Could you return the data that follows exactly, minus the images?

● **Information provided**
== Segment start ==

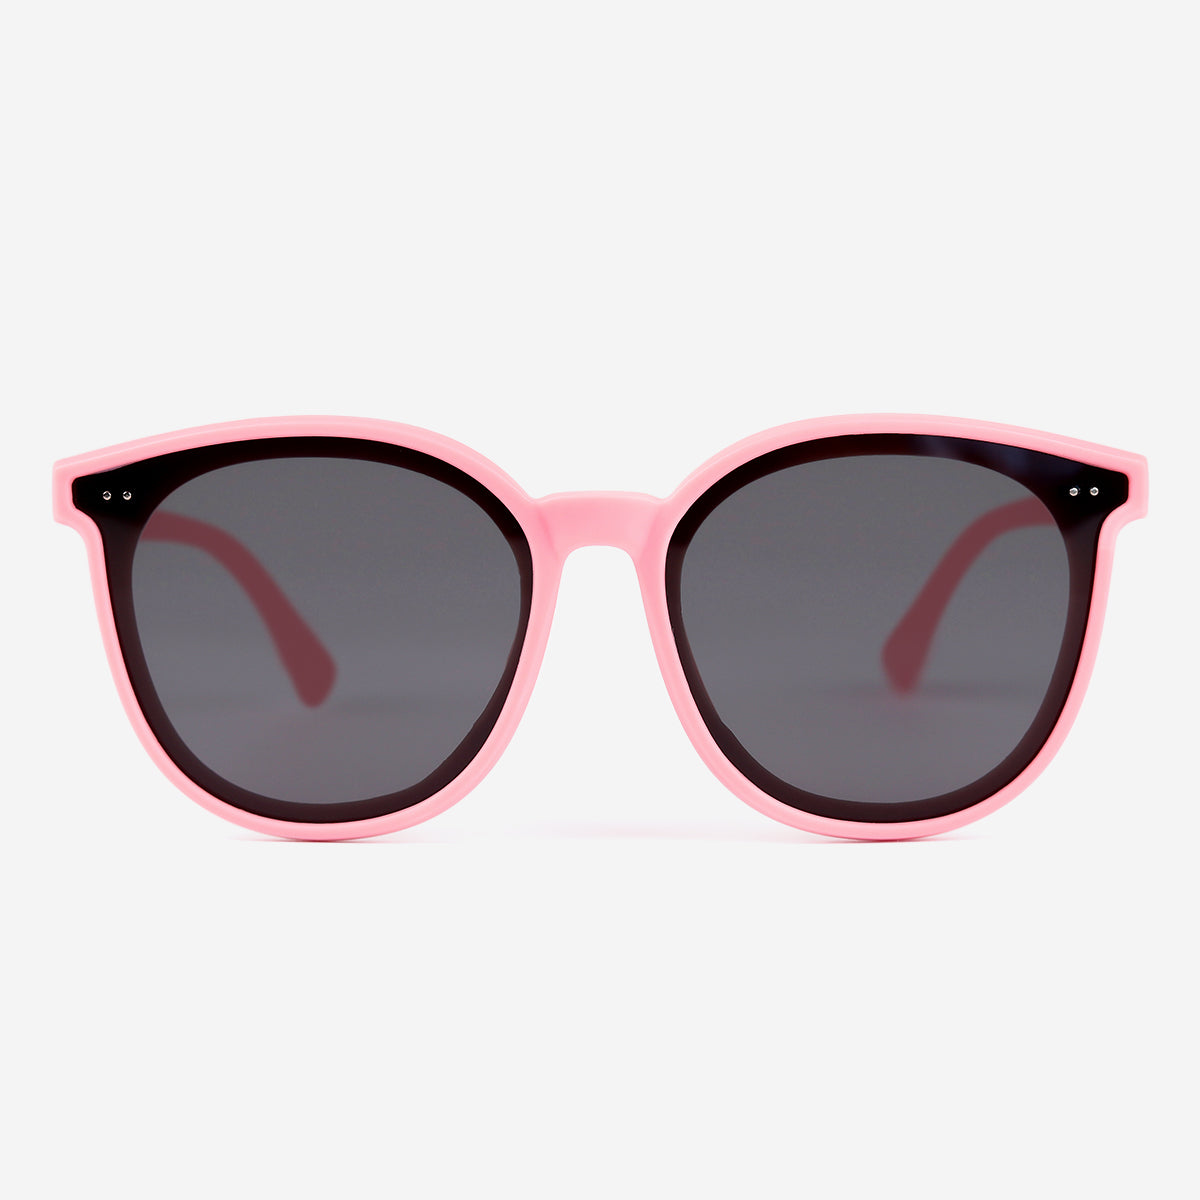 children's sunglasses polarized uv protection soft
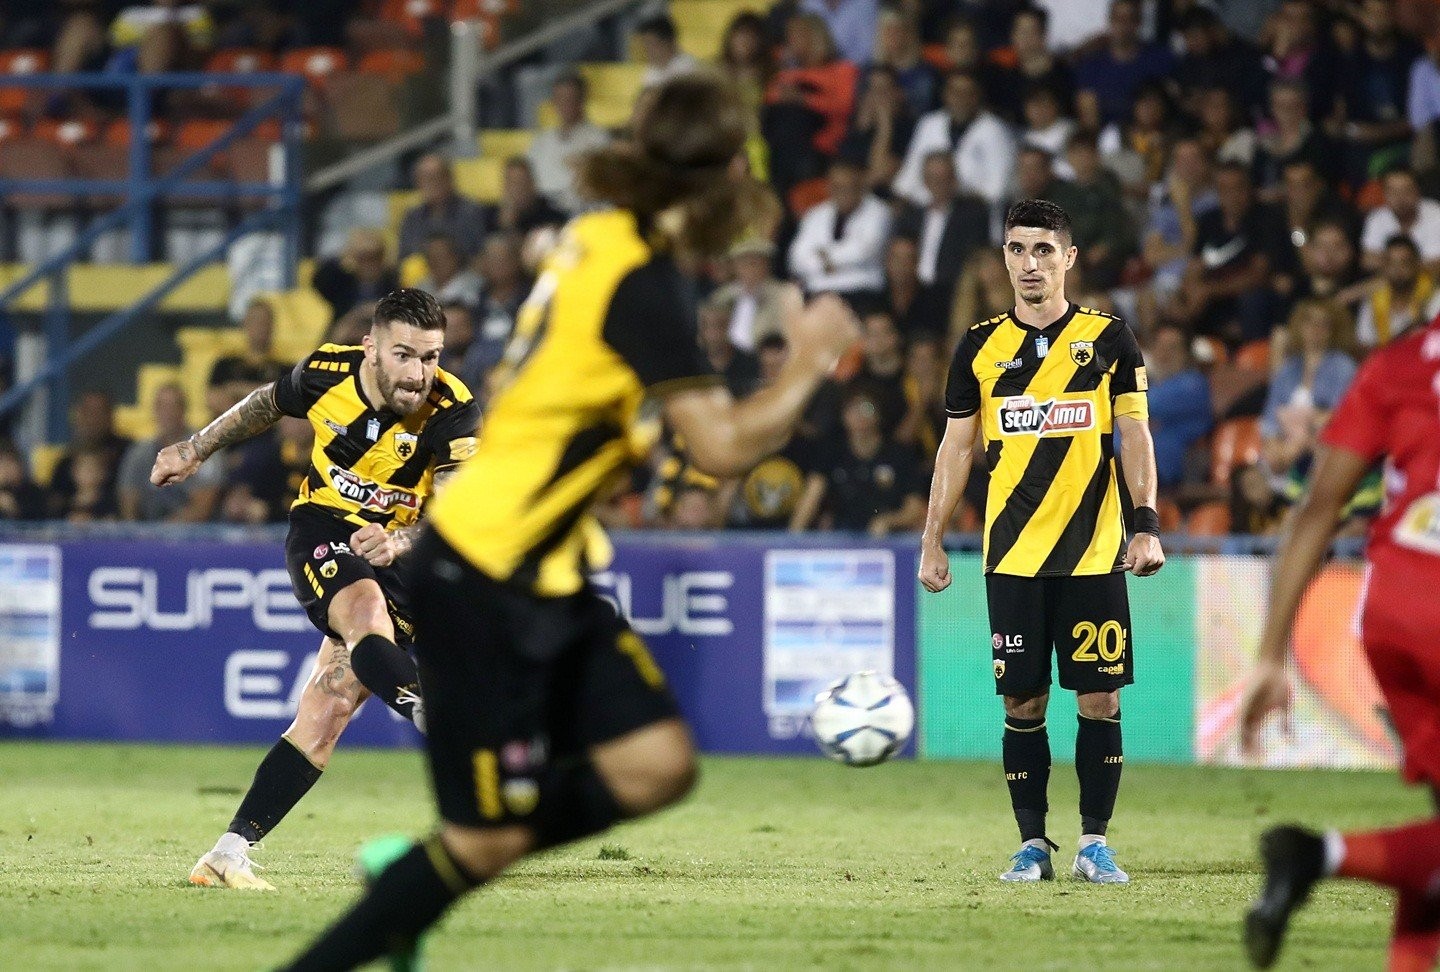 Super League, Αστέρας Τρίπολης-Πανιώνιος 3-0: Τέλος καλό 
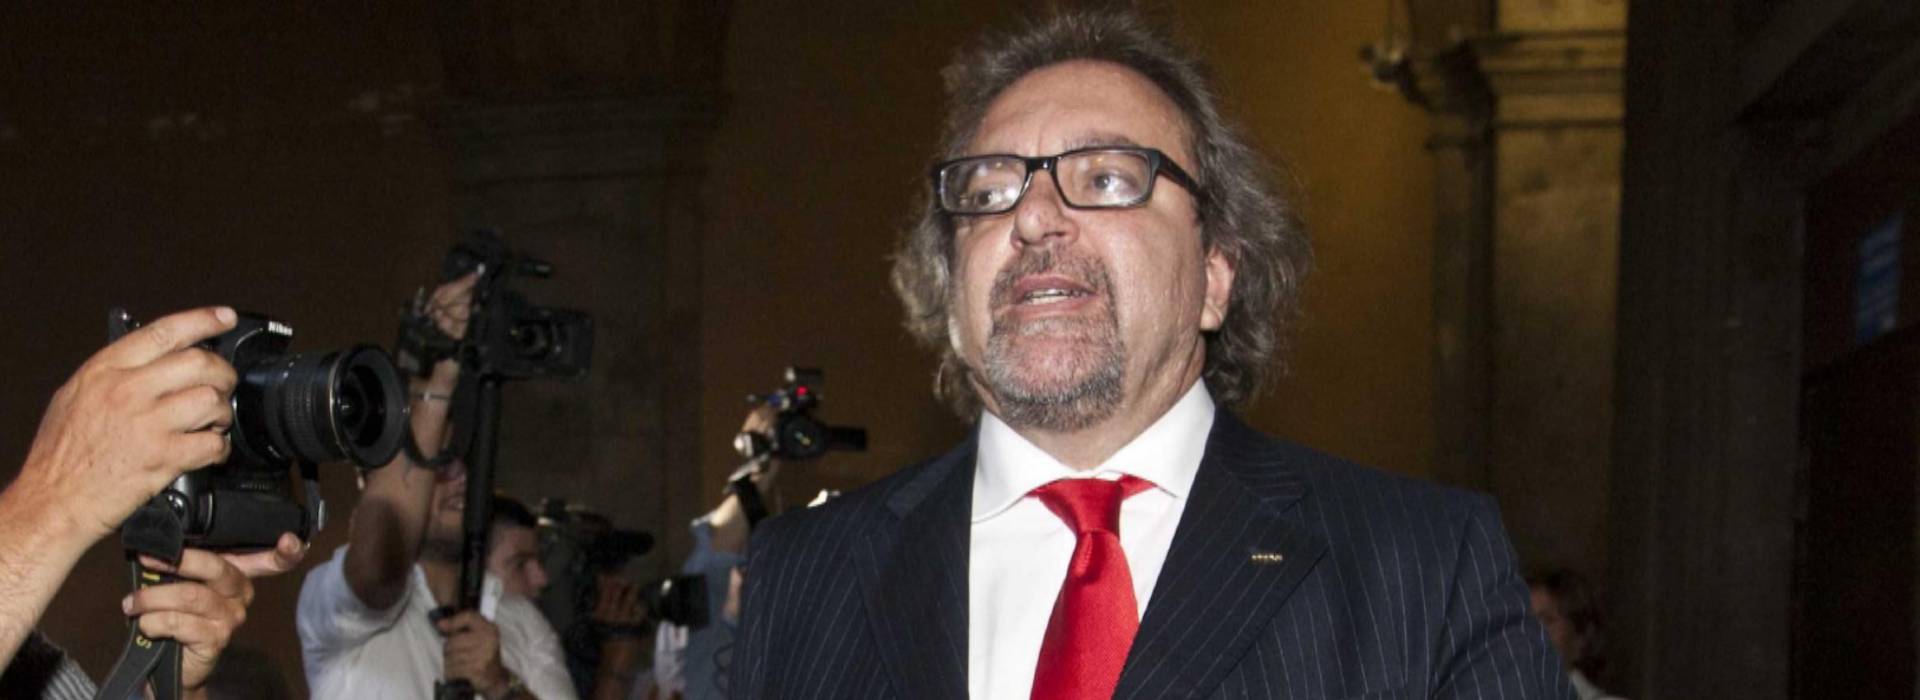 Michele Giarrusso è fuori dal M5S: non ha restituito i soldi sul conto corrente di Patuanelli, D'Uva e Di Maio
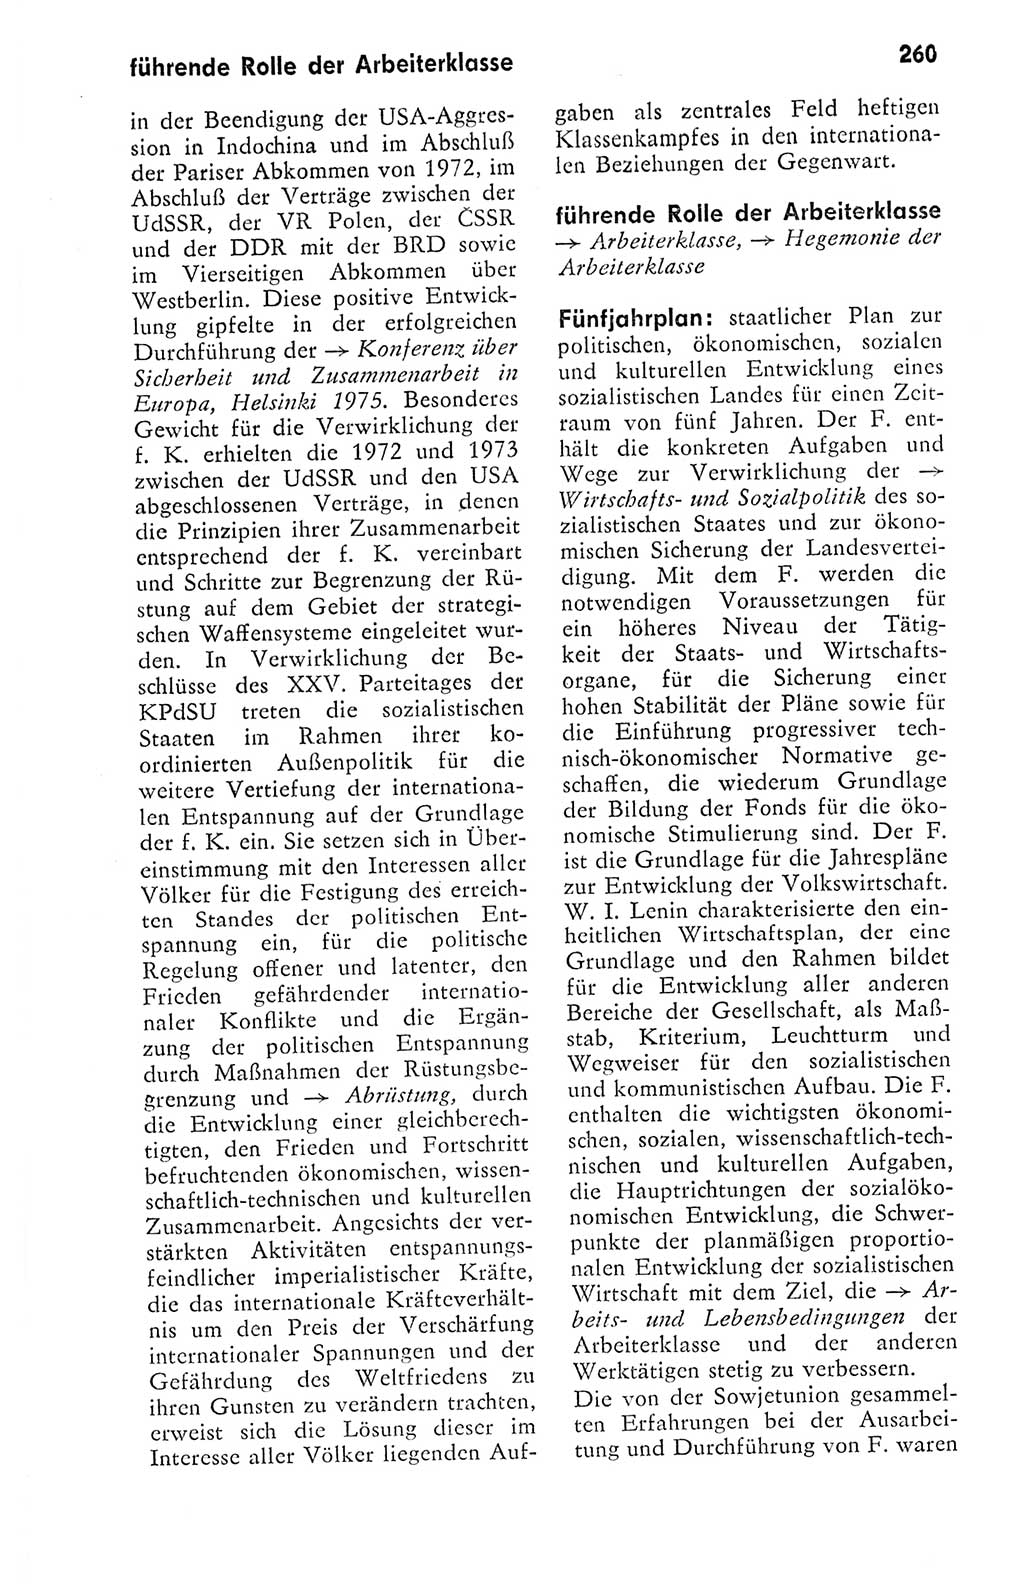 Kleines politisches Wörterbuch [Deutsche Demokratische Republik (DDR)] 1978, Seite 260 (Kl. pol. Wb. DDR 1978, S. 260)

== Segment end ==

● **Exercise answer**
 children's sunglasses polarized uv protection soft
 Super League, Αστέρας Τρίπολης-Πανιώνιος 3-0: Τέλος καλό 
 Michele Giarrusso è fuori dal M5S: non ha restituito i soldi sul conto corrente di Patuanelli, D'Uva e Di Maio
 Kleines politisches Wörterbuch [Deutsche Demokratische Republik (DDR)] 1978, Seite 260 (Kl. pol. Wb. DDR 1978, S. 260)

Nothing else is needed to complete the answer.